What needs to be done: Would you please copy all of the data exactly, skipping the images?

Dataset extract:
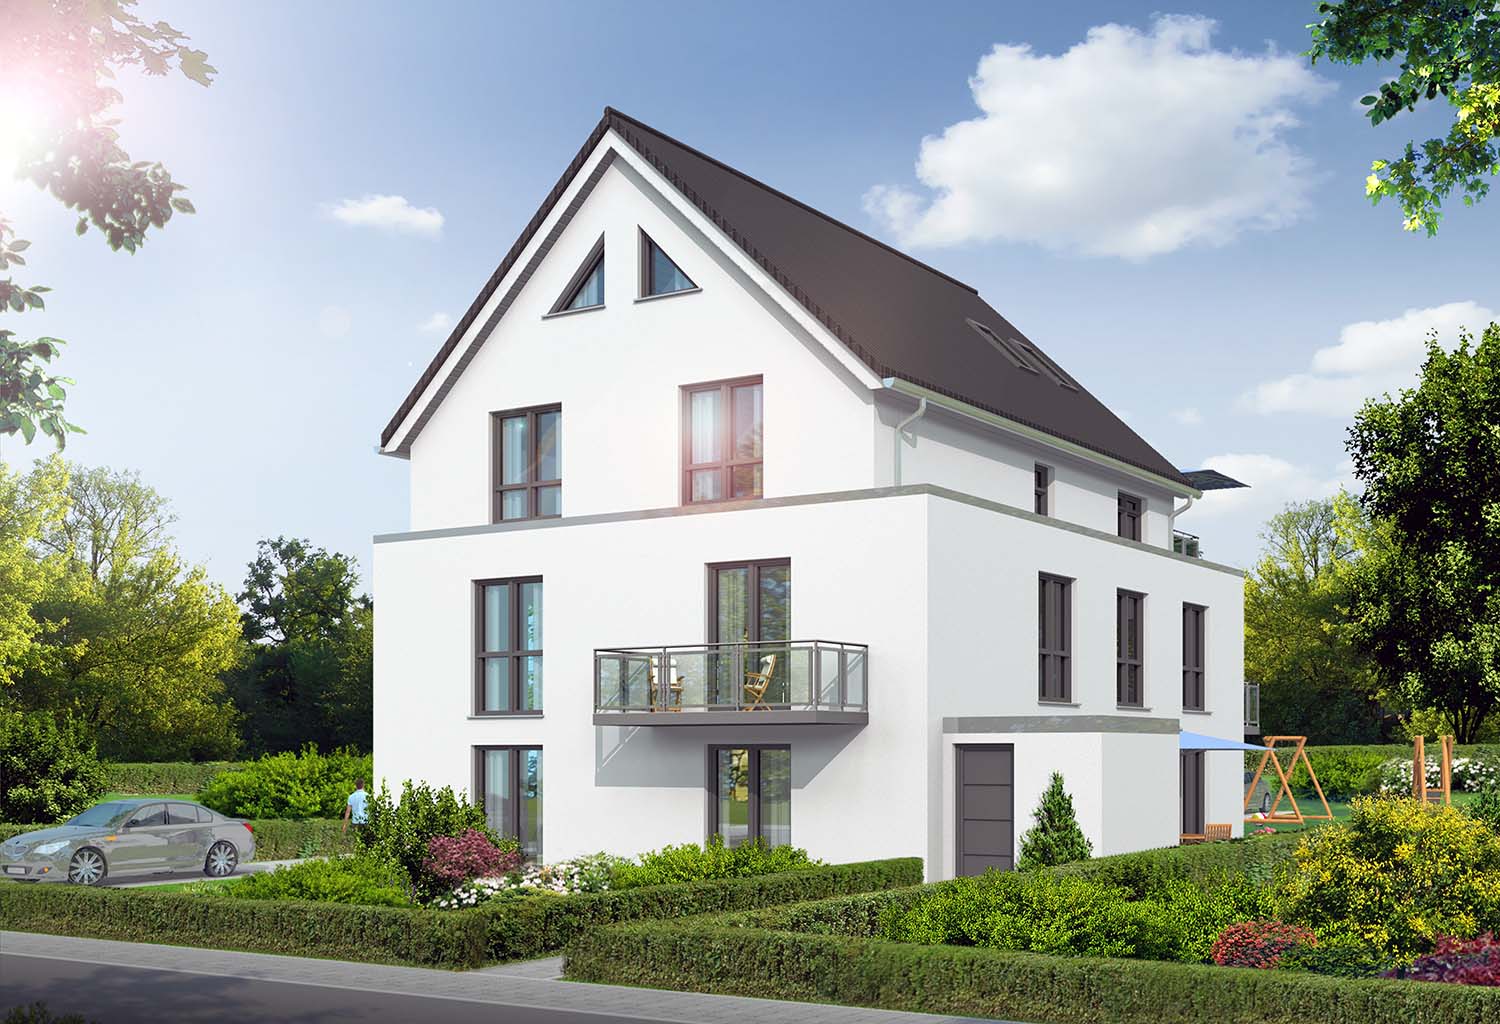 Visualisierung Neubau eines Mehrfamilienhauses mit 5 Wohneinheiten in Haidlohstraße, Hamburg-Schnelsen für SBL Immobilien GmbH (Jahr 2013)
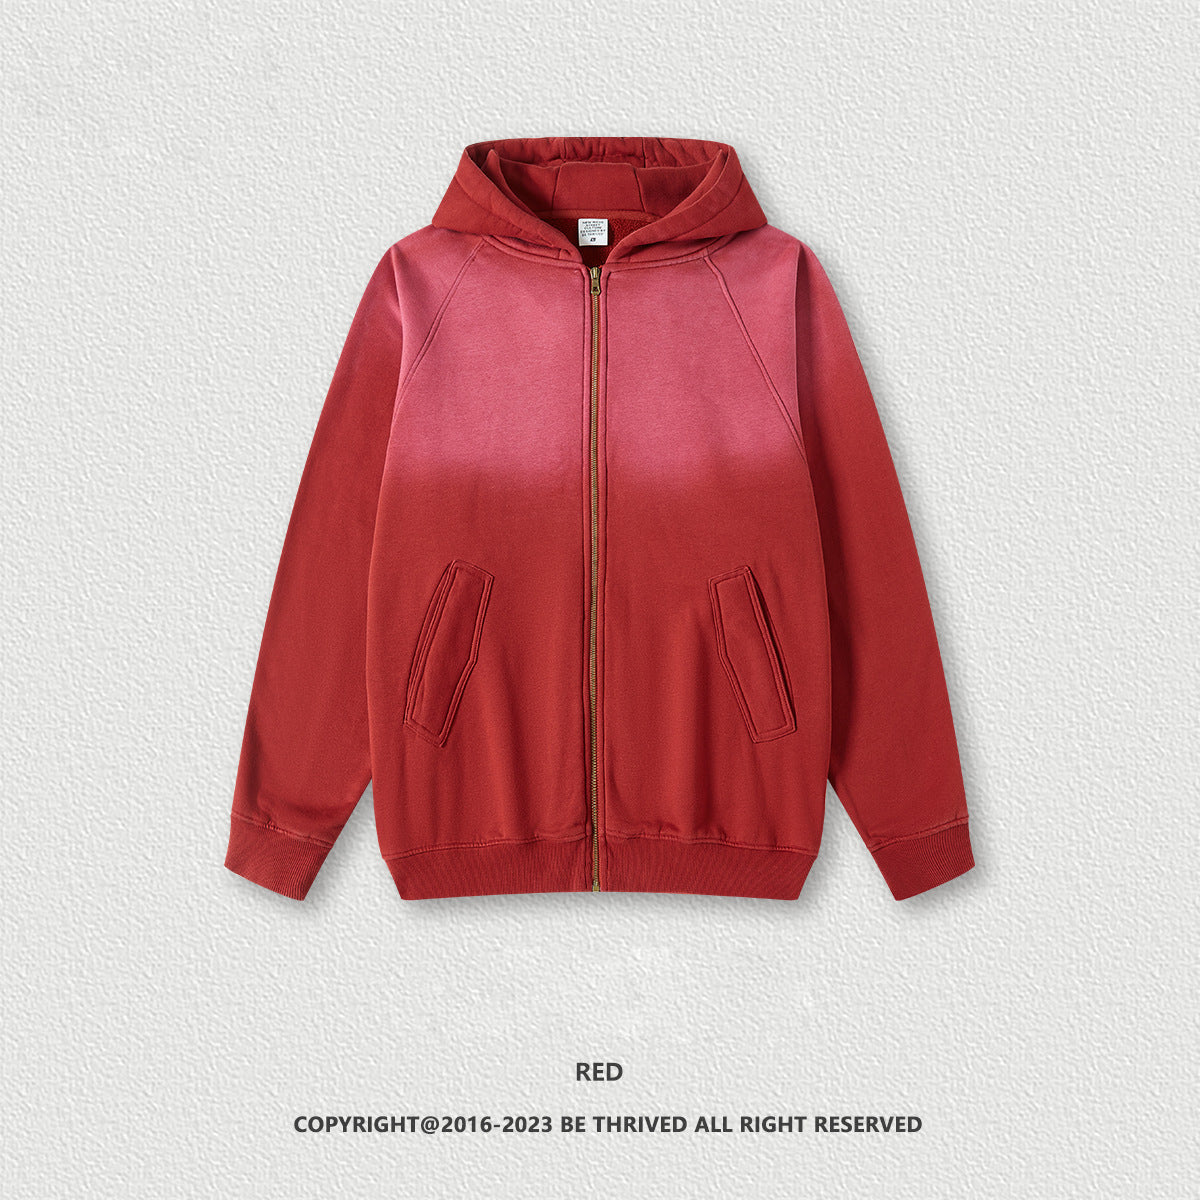 W1036 370GSM American tide brand retro washed hoodies men's loose plus velvet hooded sweatshirt jacket
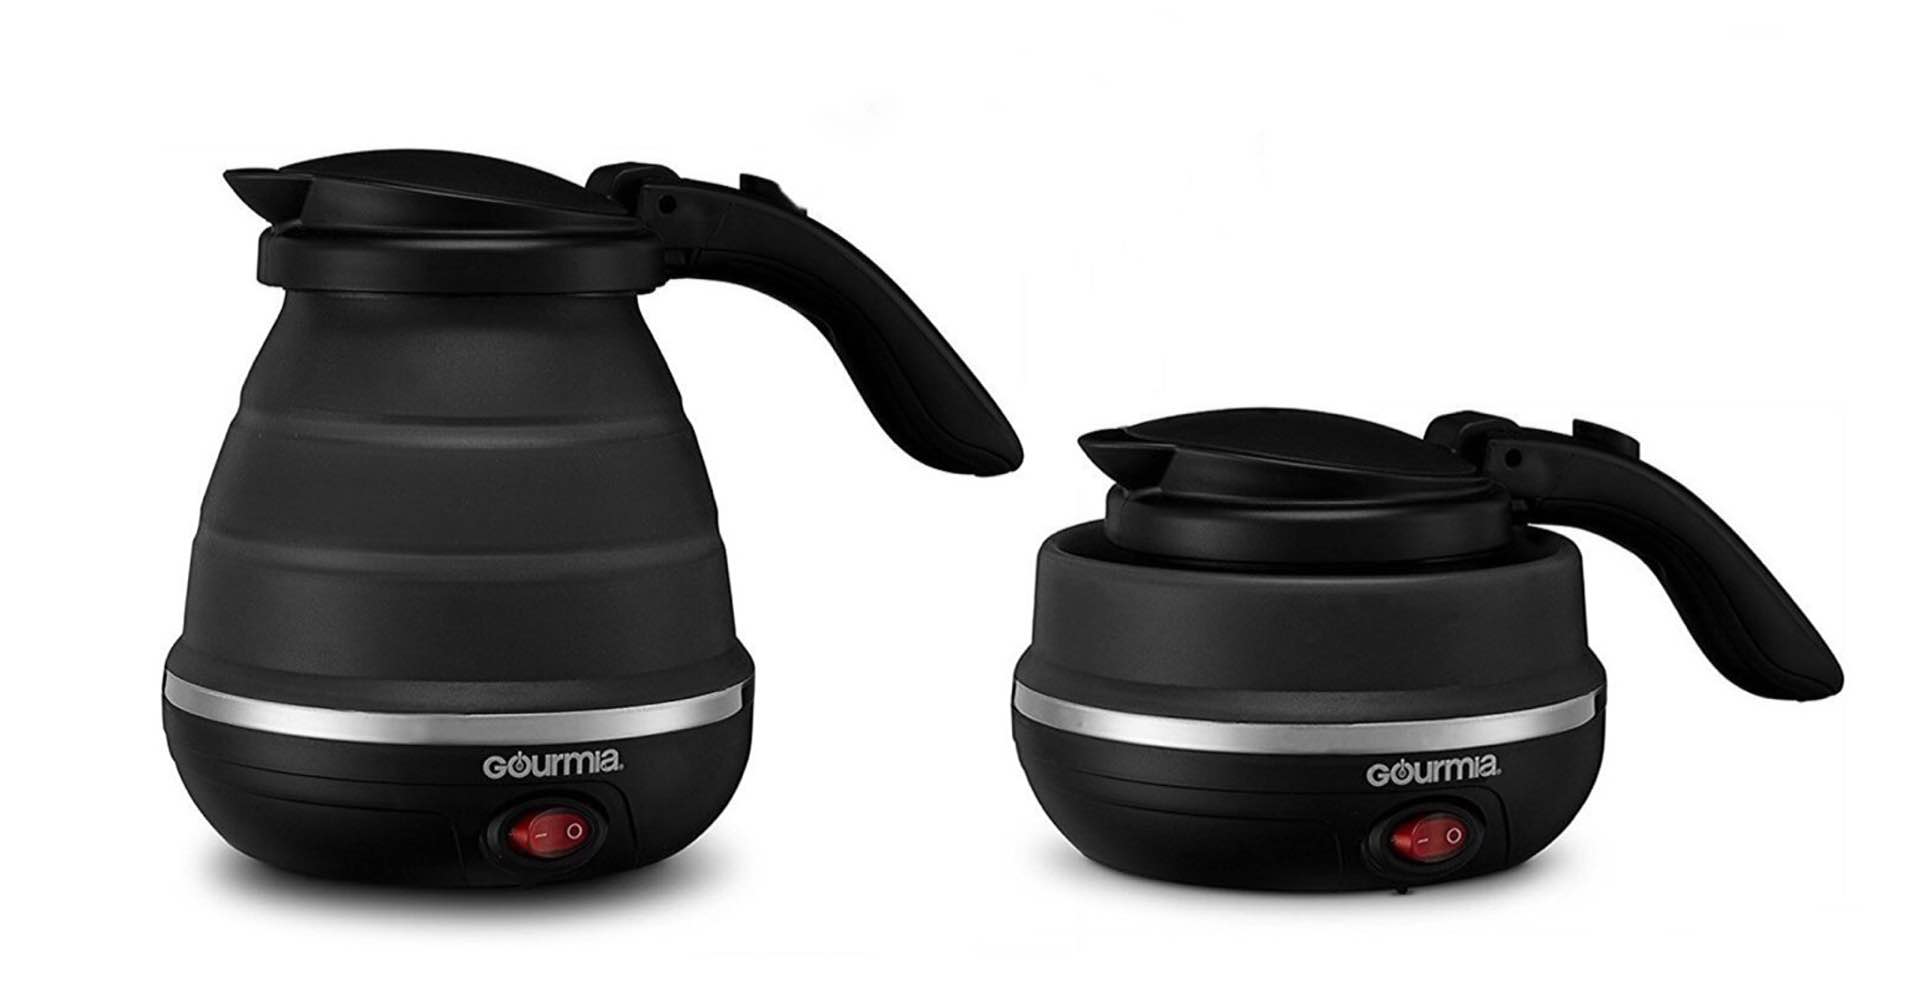 Gourmia foldable travel kettle. ($28 for black, $25 for white)

Worked solution:
 Visualisierung Neubau eines Mehrfamilienhauses mit 5 Wohneinheiten in Haidlohstraße, Hamburg-Schnelsen für SBL Immobilien GmbH (Jahr 2013)
 W1036 370GSM American tide brand retro washed hoodies men's loose plus velvet hooded sweatshirt jacket
 Gourmia foldable travel kettle. ($28 for black, $25 for white)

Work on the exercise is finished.